Researchers and medical professionals have expressed concern about the implications of the short organ transplant wait times offered by Chinese hospitals. Specifically, they say these wait times are indicative of a pool of living donors whose organs can be removed on demand.[26] This is because organs must be transplanted immediately after death, or must be taken from a living donor (kidneys must be transplanted within 24–48 hours; livers within 12 hours, and hearts within 8 hours).[76]
 
Kirk C. Allison, Associate Director of the Program in Human Rights and Medicine at the University of Minnesota, wrote that the "short time frame of an on-demand system [as in China] requires a large pool of donors pre-typed for blood group and HLA matching," which is consistent with reports of Falun Gong prisoners having blood and tissue tested in custody.
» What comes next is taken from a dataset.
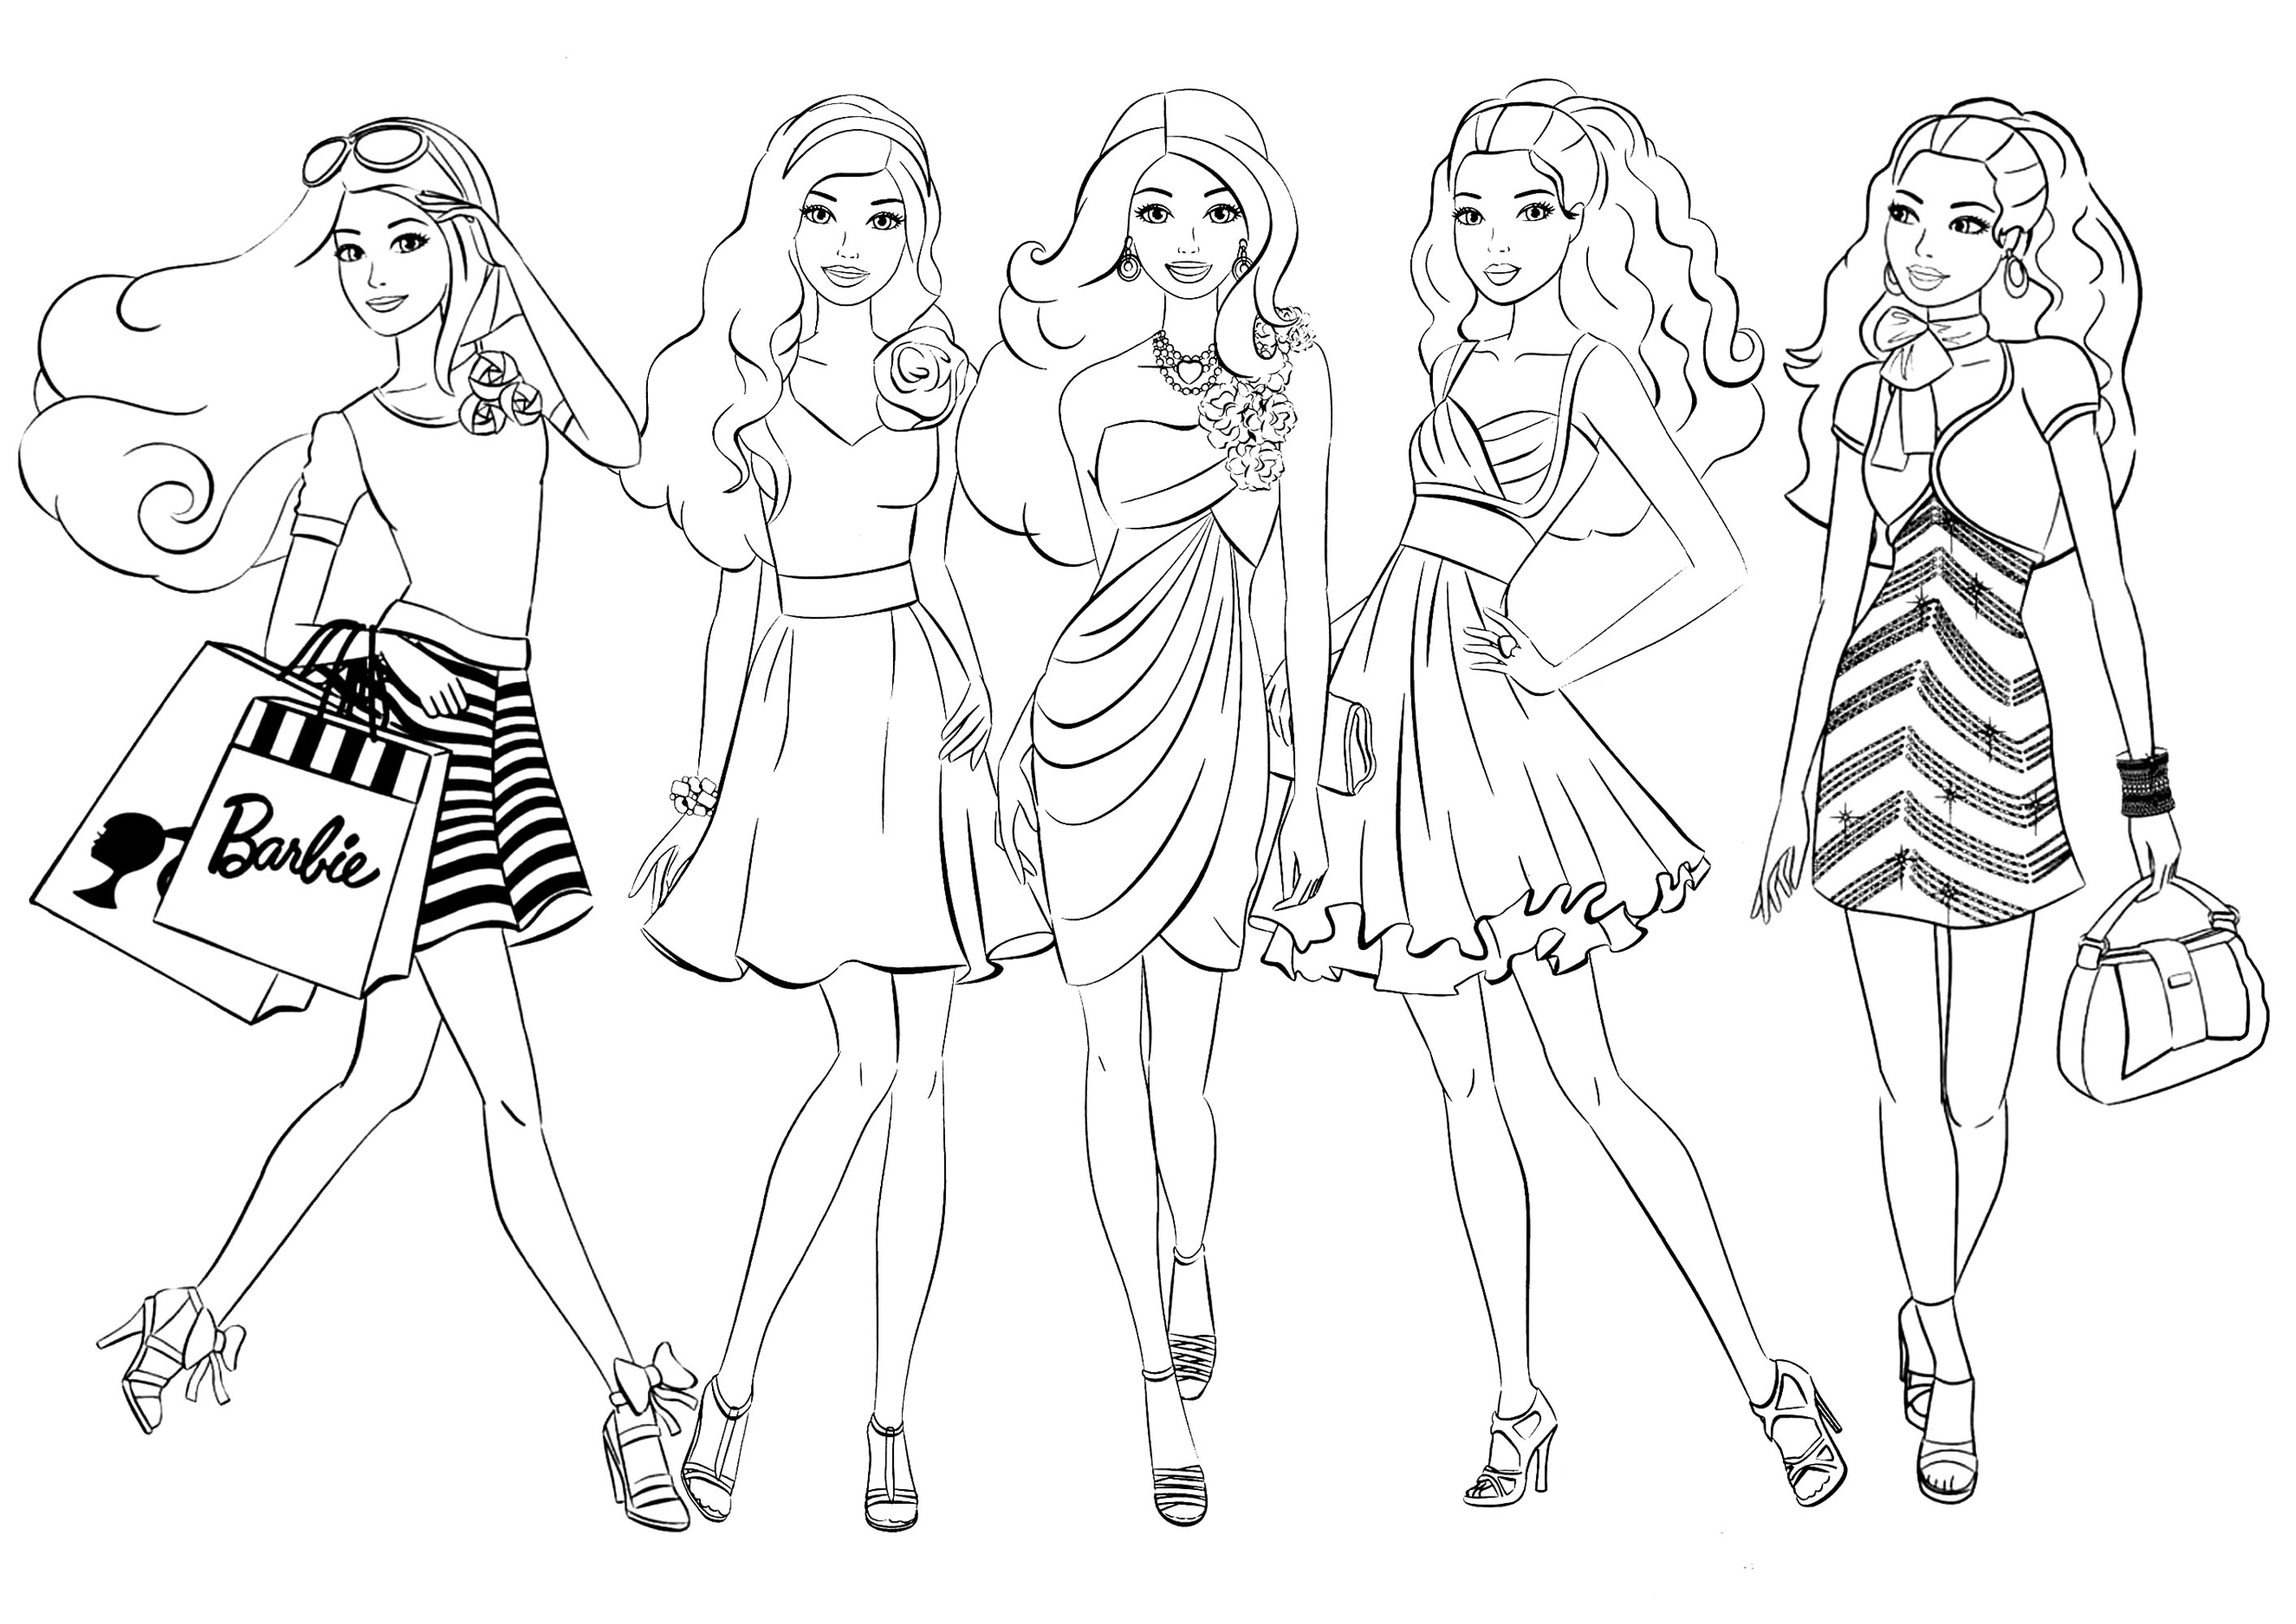 Five Barbie Dolls. Diese Malvorlage zeigt fünf Figuren, die von Barbie-Puppen inspiriert sind, mit verschiedenen Outfits, die du nach Belieben ausmalen kannst.

He wrote that China's short organ wait times could not be assured on a “random death” basis, and that physicians he queried about the matter indicated that they were selecting live prisoners to ensure quality and compatibility.[76] Dr. Jacob Lavee, Director of the Heart Transplant Unit at the Sheba Medical Center in Israel, recounts one of his patients traveling to China for a heart transplant. The patient waited two weeks for a heart, and the surgery was scheduled in advance—meaning the organ could not have been procured on the basis of a random death.[77] Franz Immer, chairman of the Swiss National Foundation for organ donation and transplantation, reports that during a visit to Beijing in 2007, he was invited by his Chinese hosts to observe a heart transplantation operation: “The organizer asked us whether we would like to have the transplantation operation in the morning or in the afternoon. This means that the donor would die, or be killed, at a given time, at the convenience of the visitors. I refused to participate.”[2]
 
Editors of the Journal of Clinical Investigation write that “The only way to guarantee transplant of a liver or heart during the relatively short time period that a transplant tourist is in China is to quickly obtain the requisite medical information from prospective recipients, find matches among them, and then execute a person who is a suitable match.”[26] Noto similarly says that China's organ transplant wait times and the ability to schedule transplants in advance can only be achieved by having a large supply of “living donors that are available on demand.” Death row inmates alone are not numerous enough to meet this demand.[67]